Population health management and proactive preventative treatment will promote innovation in health IT, driving down prices and fostering competition in order to make health information exchange seamless for providers.
The CEO of the Massachusetts eHealth Collaborative, Micky Tripathi, stated that, despite what many in the industry, Congress, and the ONC say, we are genuinely in a fantastic situation. “That is because the industry is maturing,” I say.
“I believe value-based purchasing has created sufficient demand for that type of interoperability,” he said. Value-based purchasing and accountable care organizations have created a previously unseen need for interoperability. It’s taken a long time, but interoperability in healthcare is finally becoming a reality. Integration of AI and ML
It is now possible to incorporate the most recent, best-evidence (derived from real-world data and experience) computable practice recommendations into clinical workflows, and thus to patients and their clinicians.
We have EHRs in place, the secure cloud is widely used, and data and knowledge representation standards are available. Both traditional knowledge writers, such as those producing best practice guidelines, and those employing machine learning to construct AI/cognitive assist systems, can benefit from a feedback loop.
Diverse computational practice recommendations and other knowledge artifacts can now be deployed and tested across various EHRs.
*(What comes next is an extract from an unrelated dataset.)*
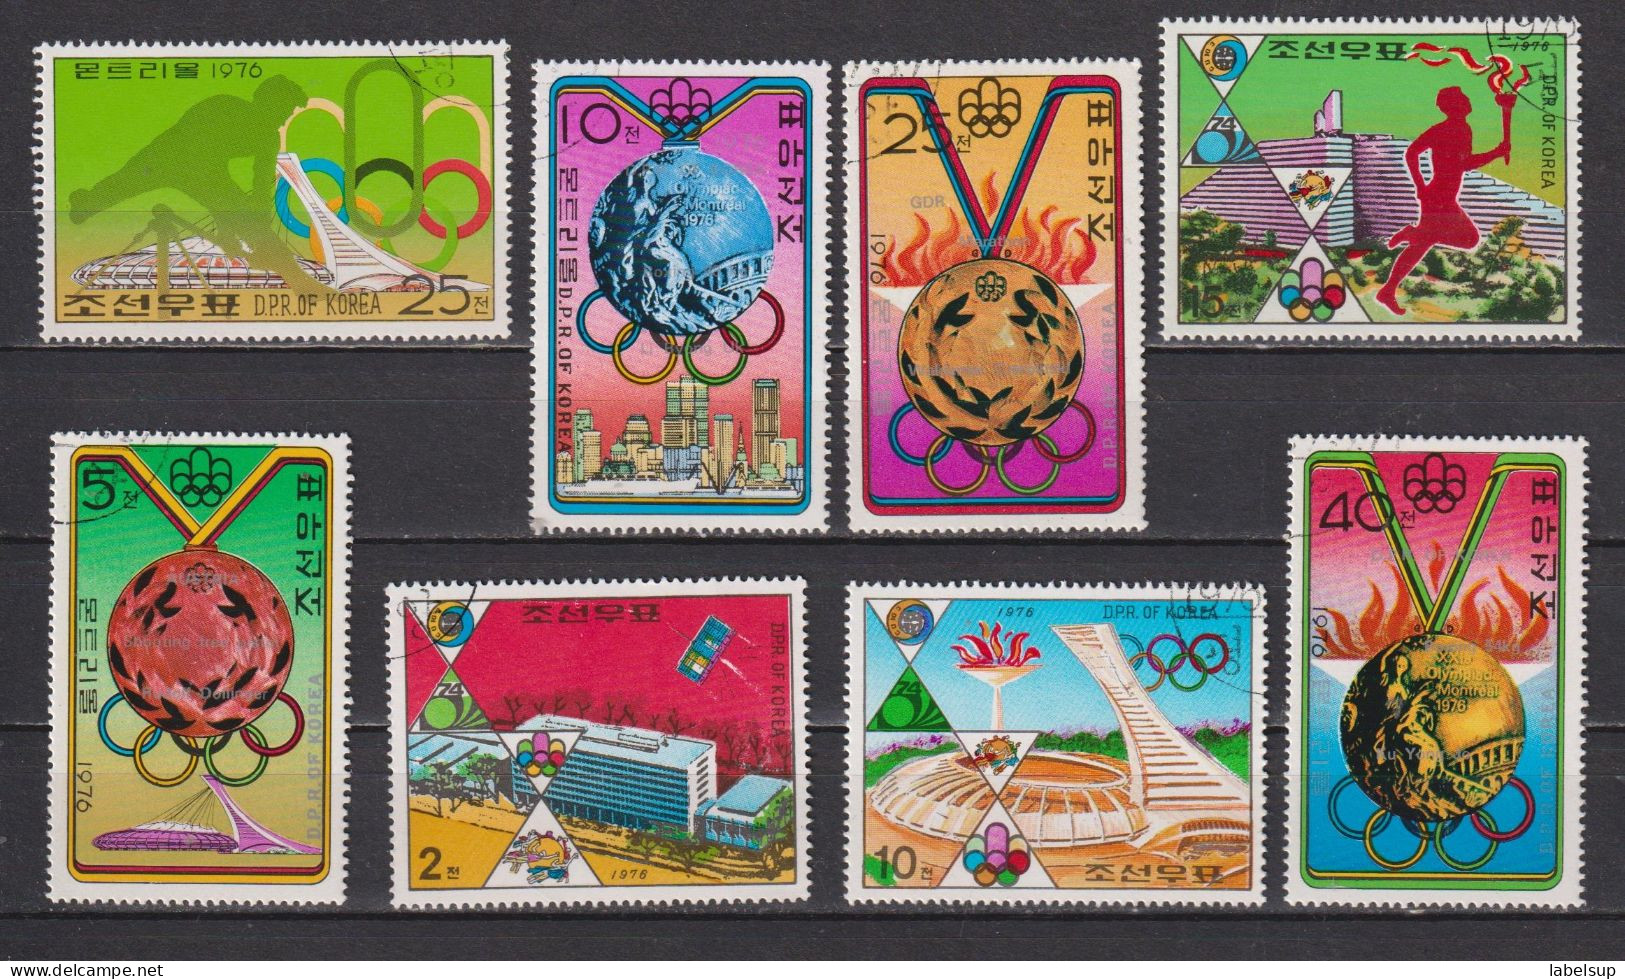 lot de quelques timbres deCorée du nord de 1976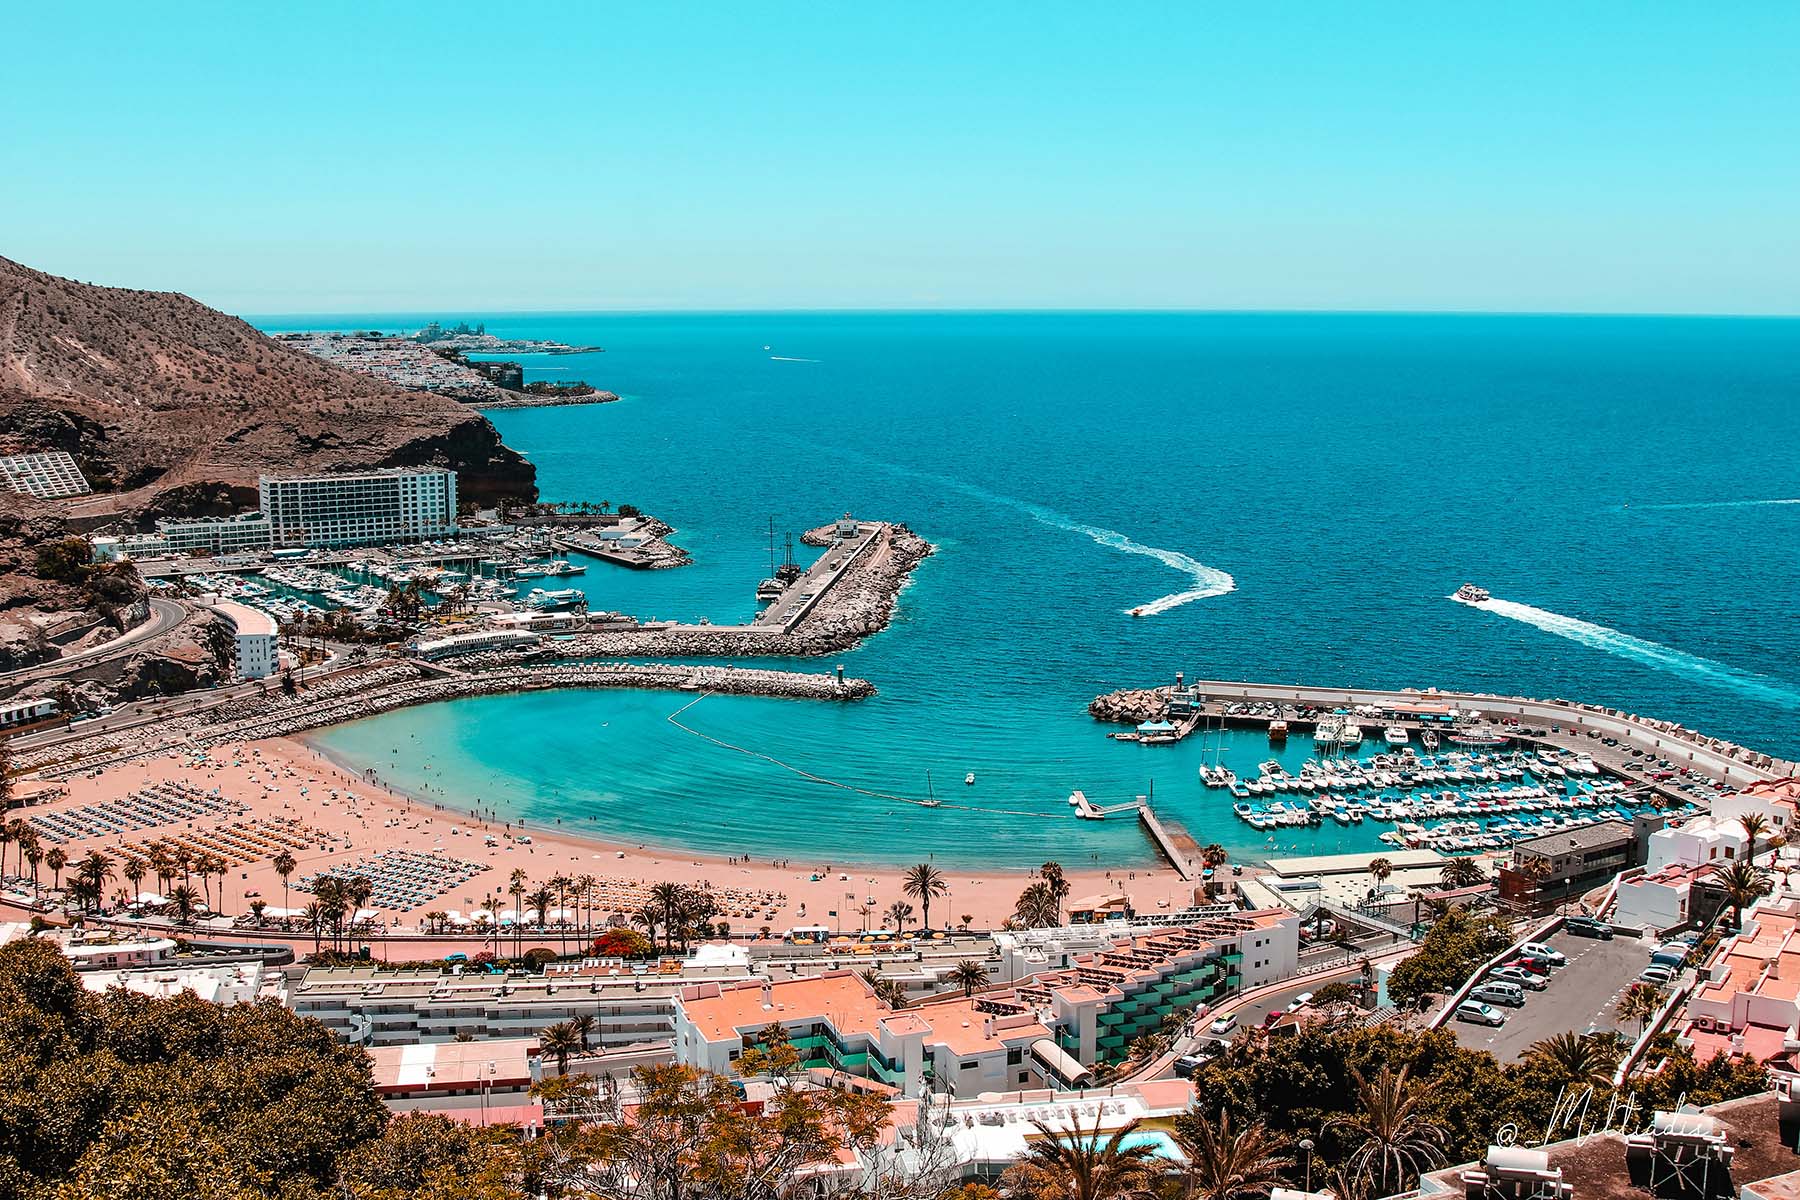 Aerial view of Puerto Rico de Gran Canaria resort area.

Machine learning can be used to improve predictive analytics, quality measures, and e-pathways in sickness surveillance.
As we gain a greater understanding of patient phenotypes, pharmacogenomics (correlations between genetic polymorphisms and effective therapeutic techniques), socioeconomic determinants of health, and other factors, e-pathways, measurements, and even value-based contracts can become more personalized.
Understanding how each component of a composite knowledge artifact works in practice, providing feedback (both quantitative and qualitative), and rapidly improving the tool are all crucial to achieving this goal.
We have not been able to construct and test a composite knowledge artifact using standard data models, nomenclature, value sets, logic, workflow, and implementation options. This information ecology, as well as the idea of frictionless data and knowledge exchange, is how we truly impact patient health and healthcare at scale.